## DIRECTIONS
Exactly the lines from the one with "Los destinatarios son" through the end of the data below must be set down, and no pictures with them.

## DATA PROVIDED

◇ ◇ ◇ ◇ ◇ ◇ ◇

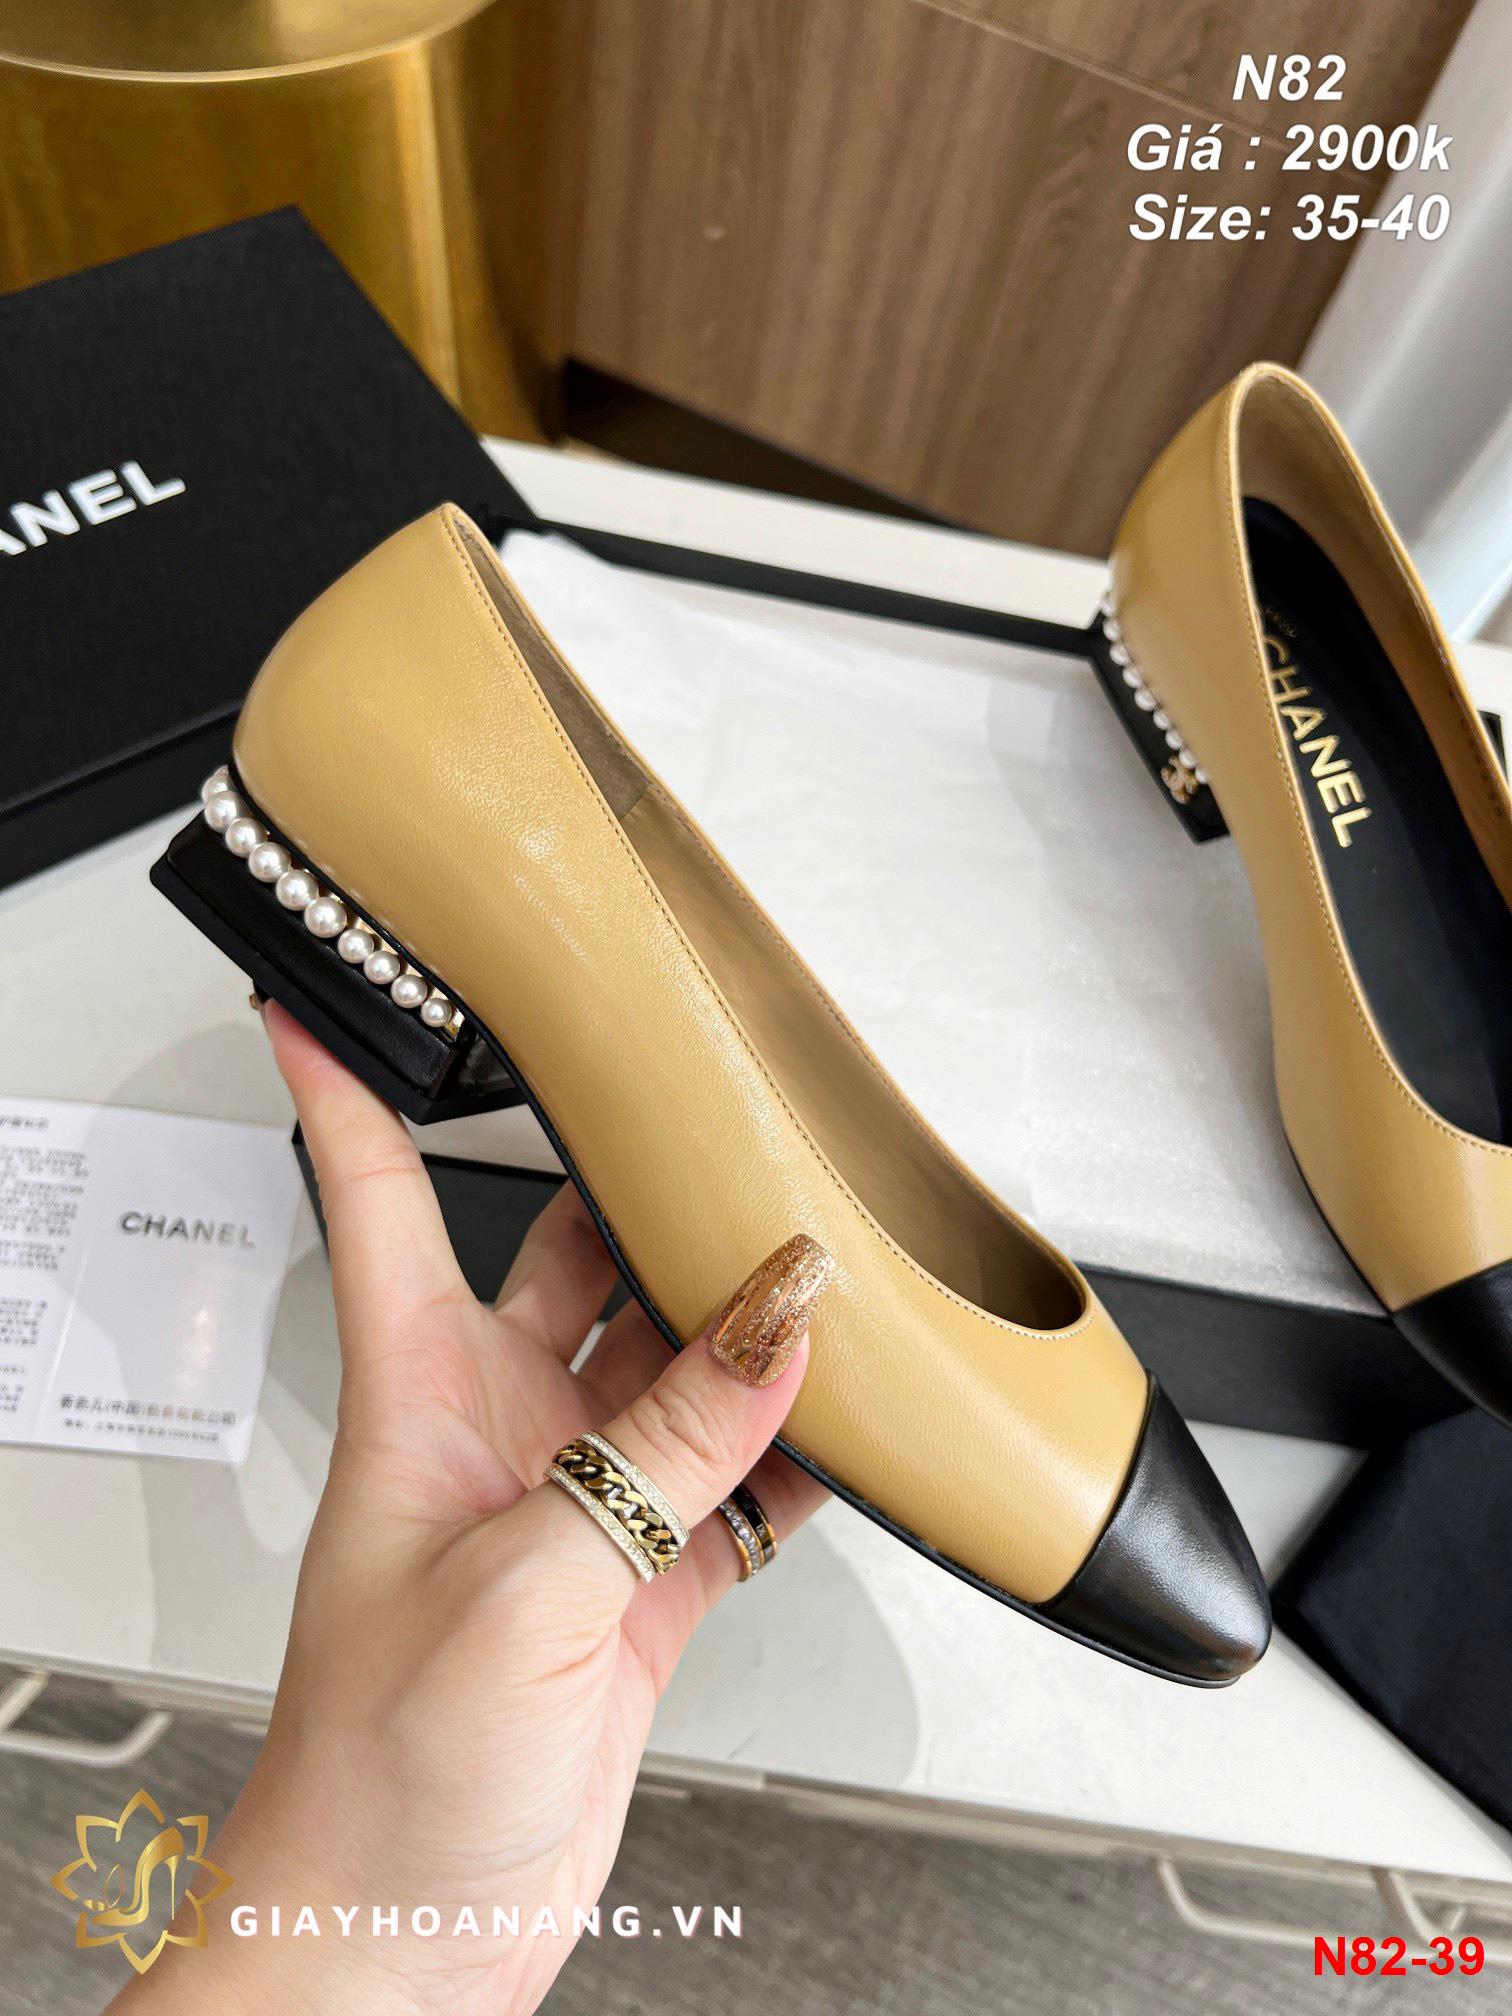 N82-39 Chanel giày bệt siêu cấp
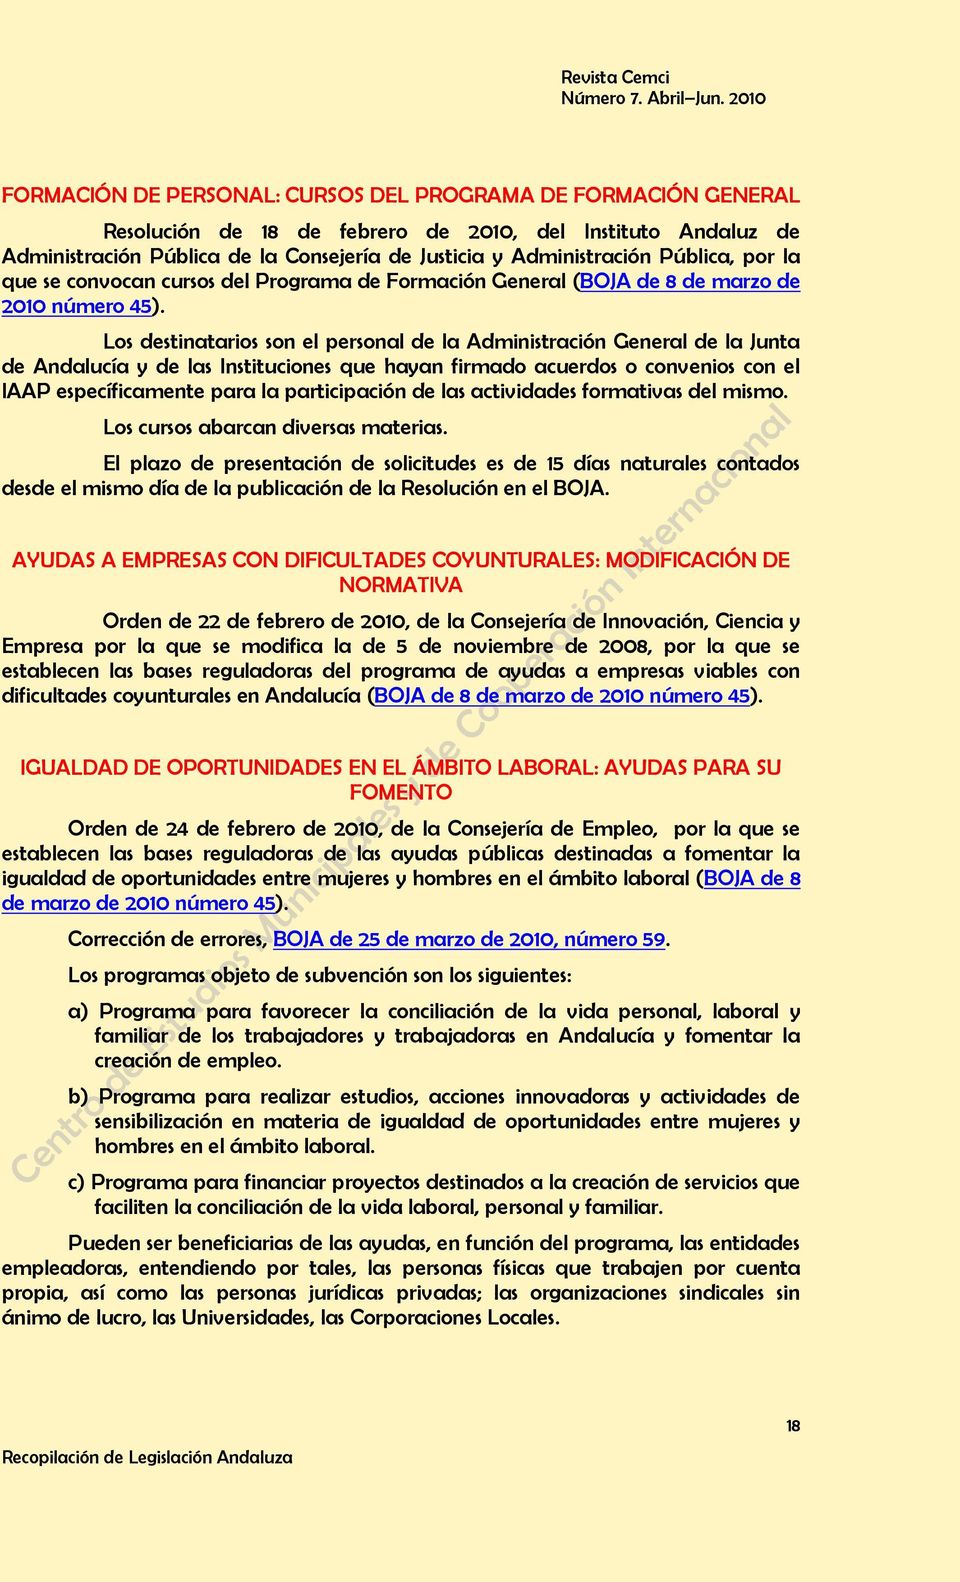 Los destinatarios son el personal de la Administración General de la Junta de Andalucía y de las Instituciones que hayan firmado acuerdos o convenios con el IAAP específicamente para la participación
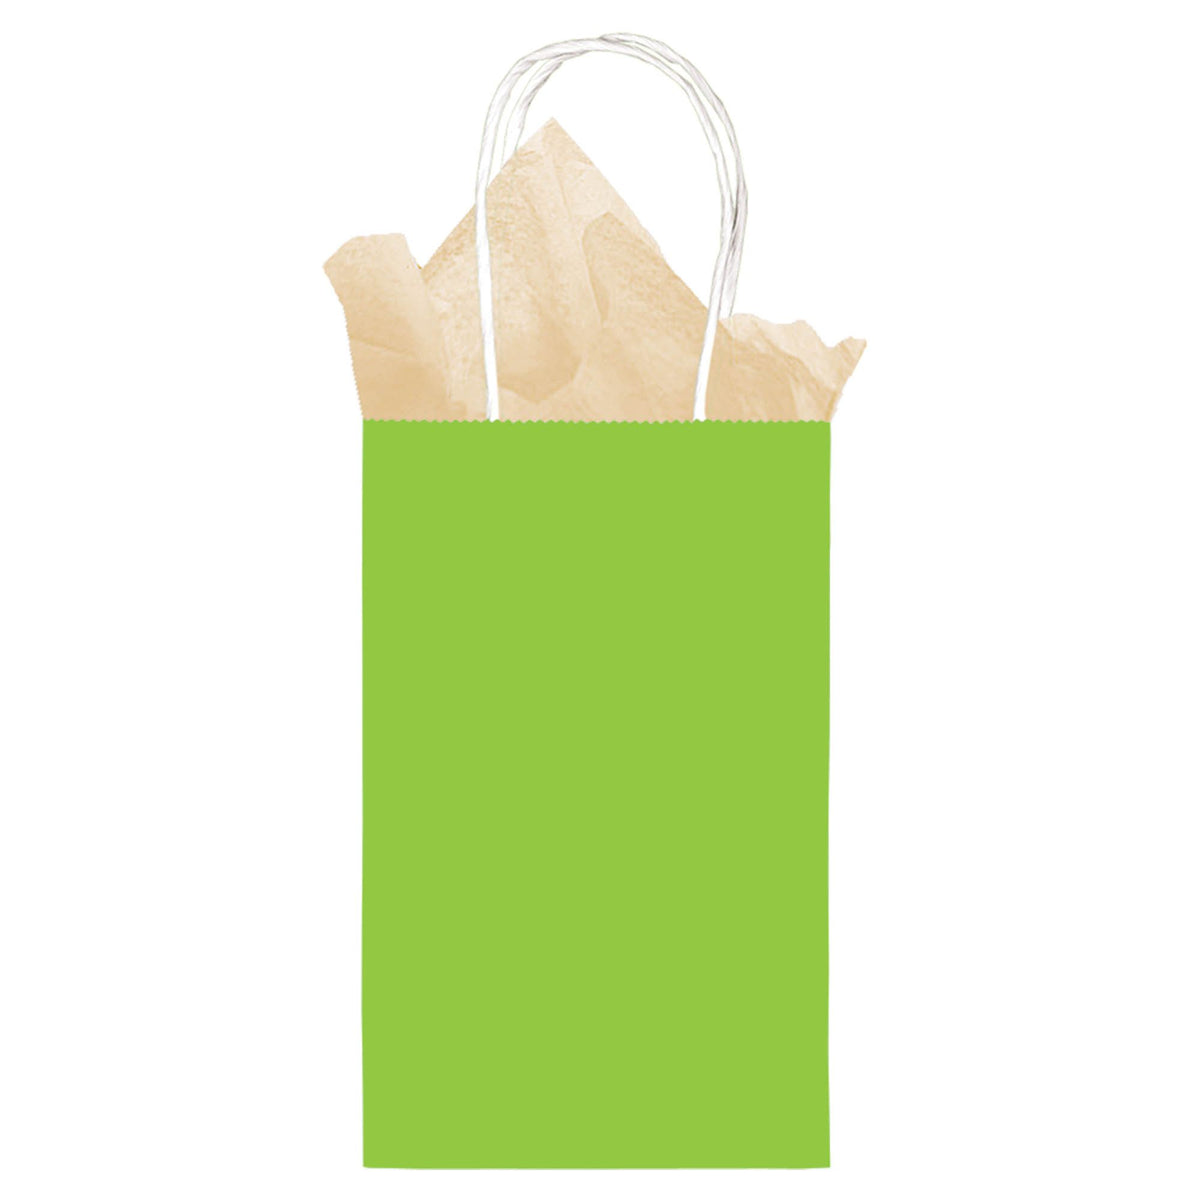 Llime Green Cub Sized Kraft Bags  8 1/2" H x 5 1/4" W x 3 1/2" D

◇ ◇ ◇ ◇ ◇ ◇ ◇

## SOLUTION TO THIS TASK
 Los destinatarios son el personal de la Administración General de la Junta de Andalucía y de las Instituciones que hayan firmado acuerdos o convenios con el IAAP específicamente para la participación
 Llime Green Cub Sized Kraft Bags  8 1/2" H x 5 1/4" W x 3 1/2" D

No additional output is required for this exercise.